**Work item:** Everything below from the line with "6919 Αρχηγείο Αστυνομίας" through the line with "Онлайн-презентація інструменту аналізу" should be copied exactly, and nothing else; leave out the pictures.

**Records supplied:**
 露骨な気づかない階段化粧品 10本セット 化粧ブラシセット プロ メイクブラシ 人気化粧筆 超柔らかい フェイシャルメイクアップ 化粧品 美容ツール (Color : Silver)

--

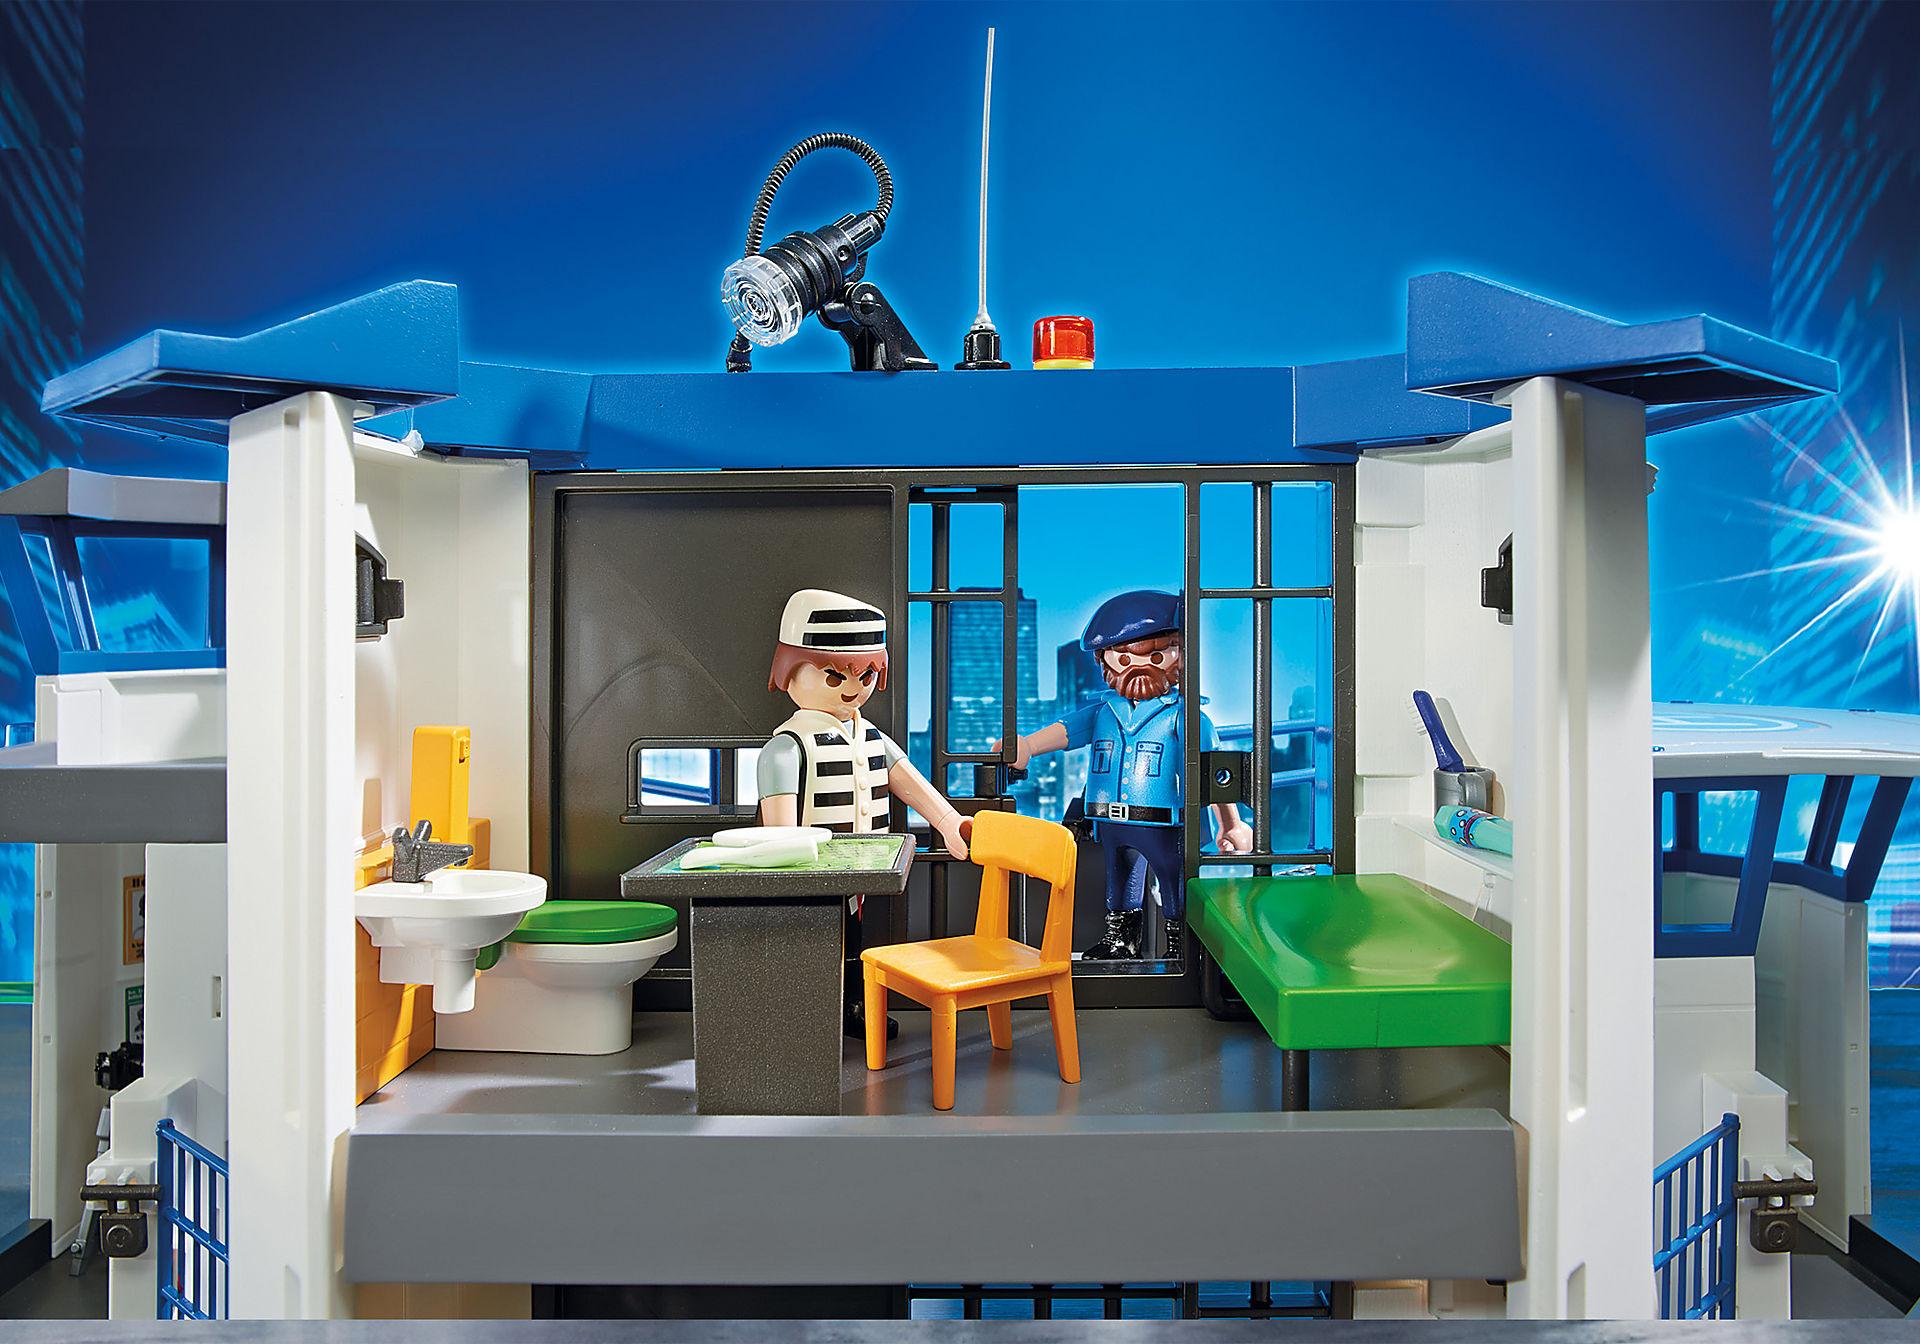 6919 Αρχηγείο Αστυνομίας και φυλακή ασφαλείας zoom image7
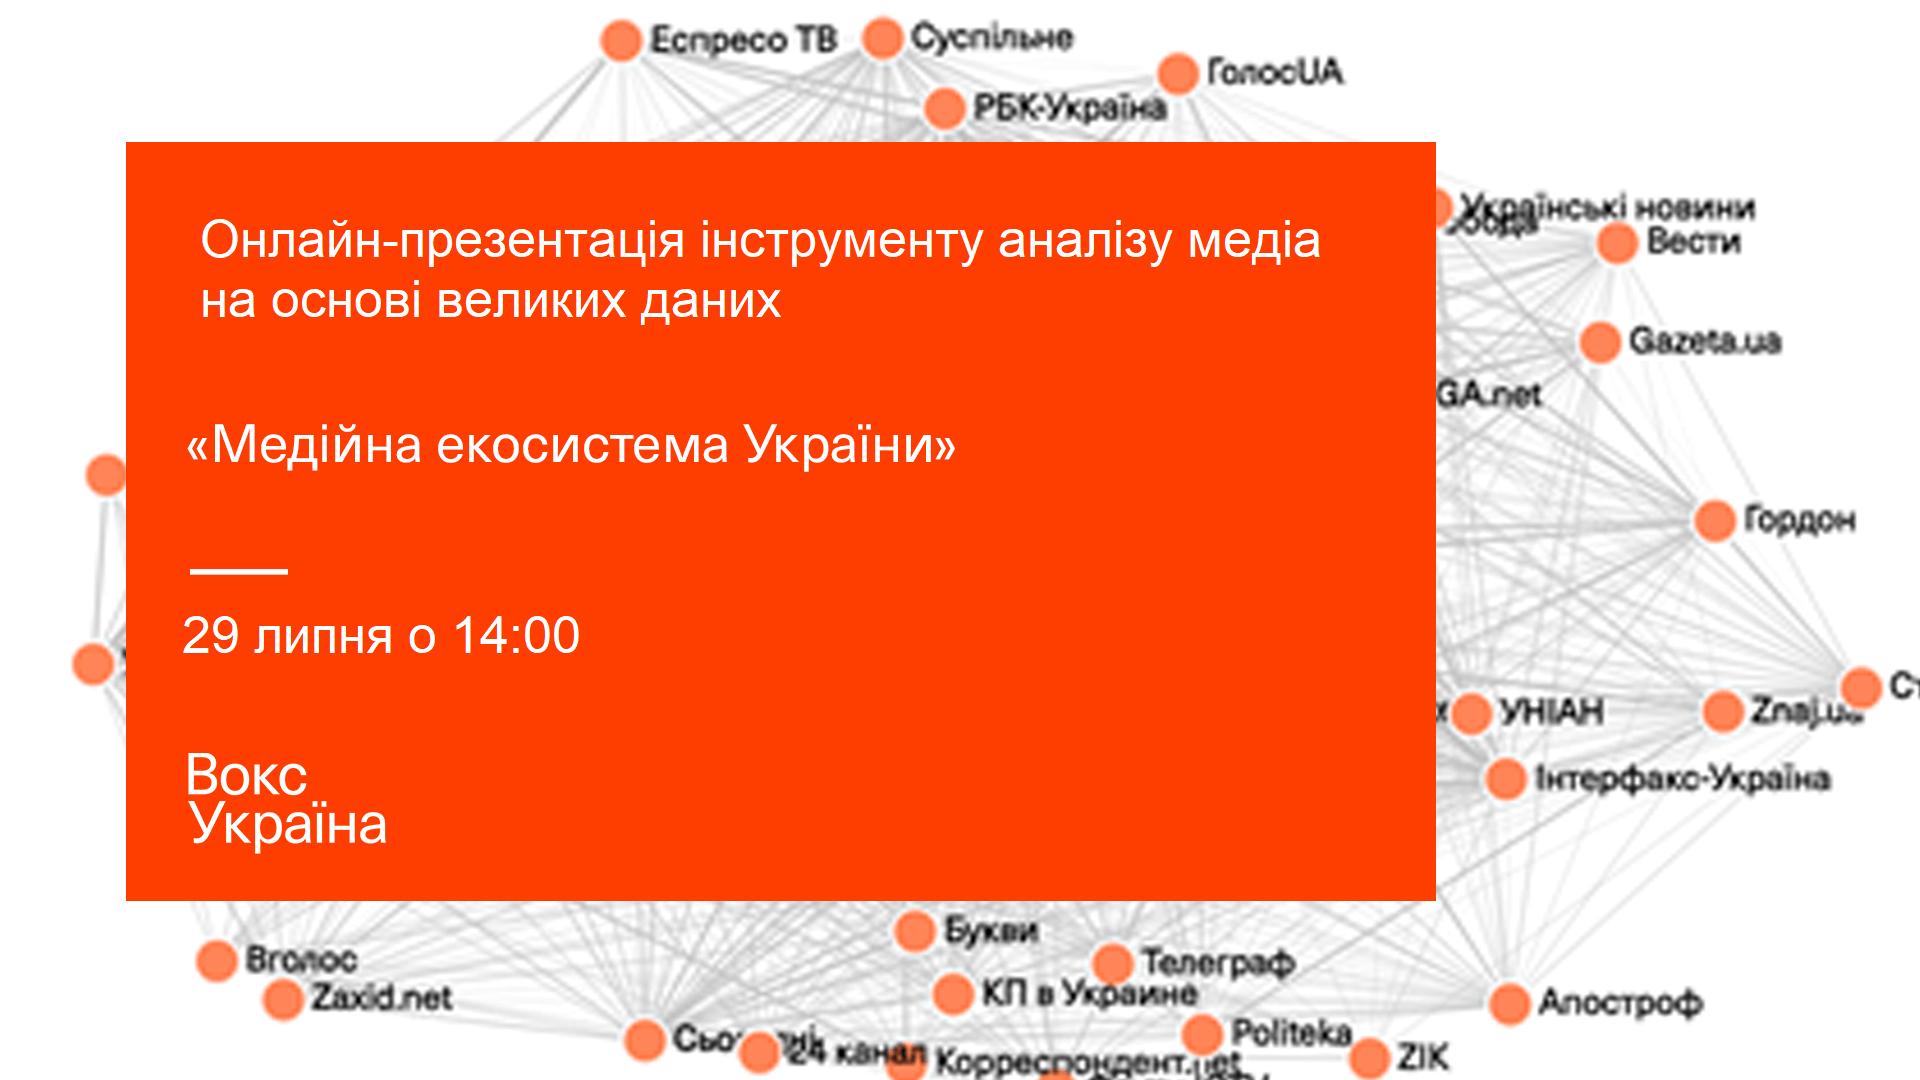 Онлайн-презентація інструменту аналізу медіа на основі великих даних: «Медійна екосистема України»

**Problem solution:**
 6919 Αρχηγείο Αστυνομίας και φυλακή ασφαλείας zoom image7
 Онлайн-презентація інструменту аналізу медіа на основі великих даних: «Медійна екосистема України»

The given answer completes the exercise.